Final answer:
To give a red counter a probability of 1/3 when drawn at random, Li needs to add 27 red counters to the current 12 in the bag, bringing the total number of counters to 117, and ensuring the desired probability.
Step-by-step explanation:
The original ratio of red to blue counters in the bag is 2:13, and there are 90 counters in total.

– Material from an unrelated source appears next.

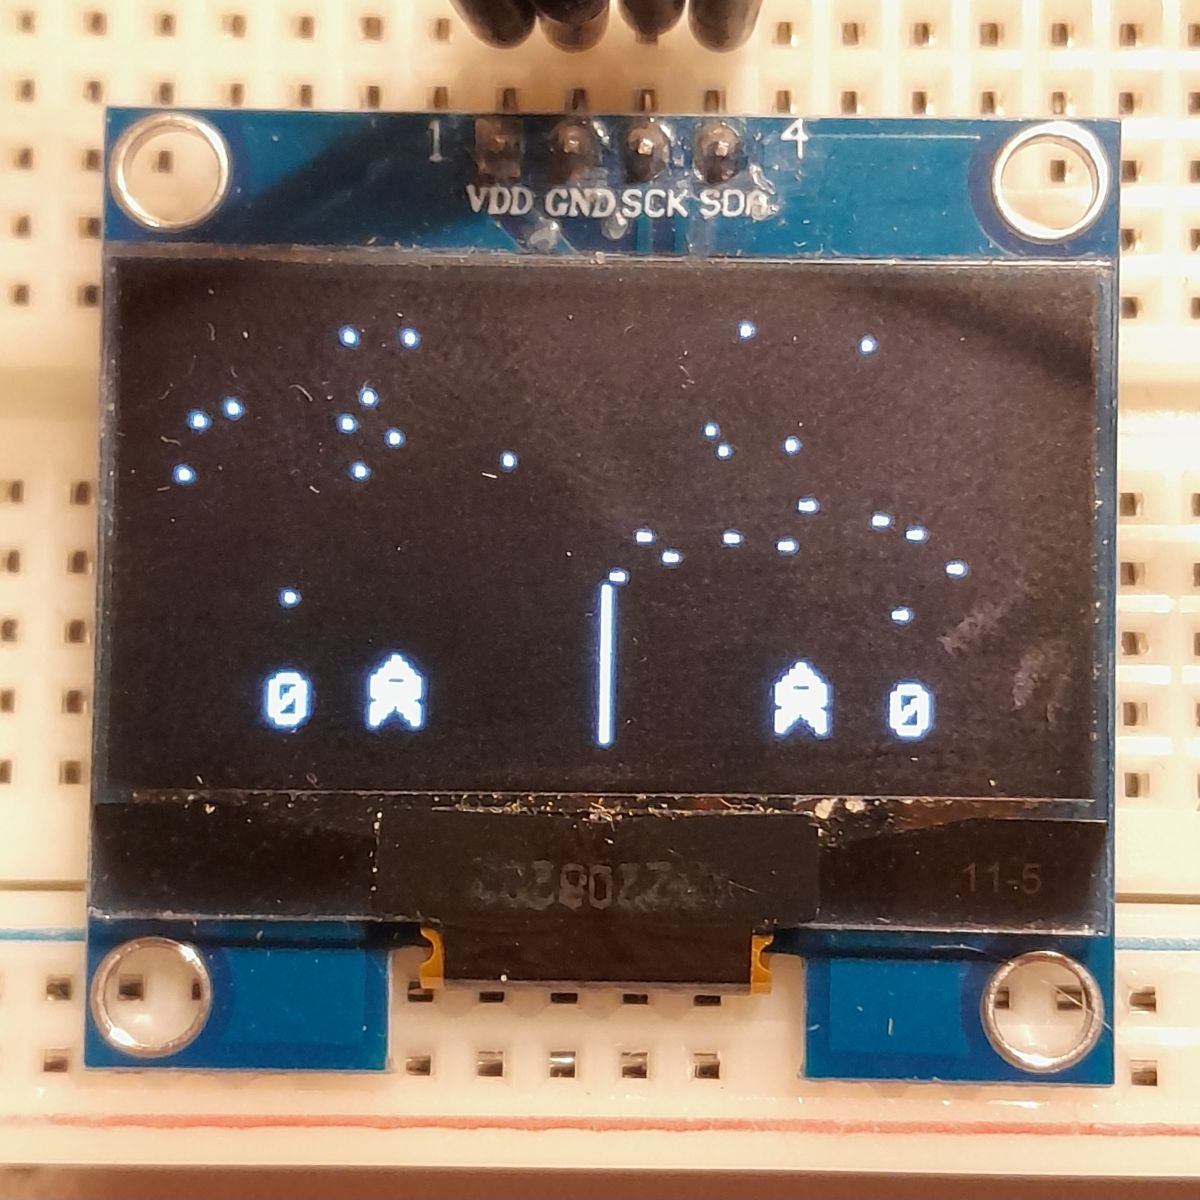 Arduino version of atari space race

To find the number of red and blue counters, you can write the ratio in terms of two unknowns, x and y, such that 2x + 13x = 90, as the total number equals red counters plus blue counters. Solving this equation yields x = 6, resulting in 12 red counters and 78 blue counters (2 × 6 = 12, and 13 × 6 = 78).
To achieve the desired probability of 1/3 for picking a red counter, we let the number of red counters that need to be added be 'n'. The new total count of counters will be 90+n, and the count of red counters will be 12+n. Set up the equation (12+n) / (90+n) = 1/3 and solve for n. This yields 36+n = 90+n, thereby finding n = -54.
However, since -54 is not a possible solution because we cannot have negative counters, we must have made an error. Re-evaluating the equation (12+n) / (90+n) = 1/3 and solving correctly, we get 36+3n = 90+n, which simplifies to 2n = 54, so n = 27. Therefore, Li must add 27 red counters to have a 1/3 probability of drawing a red counter.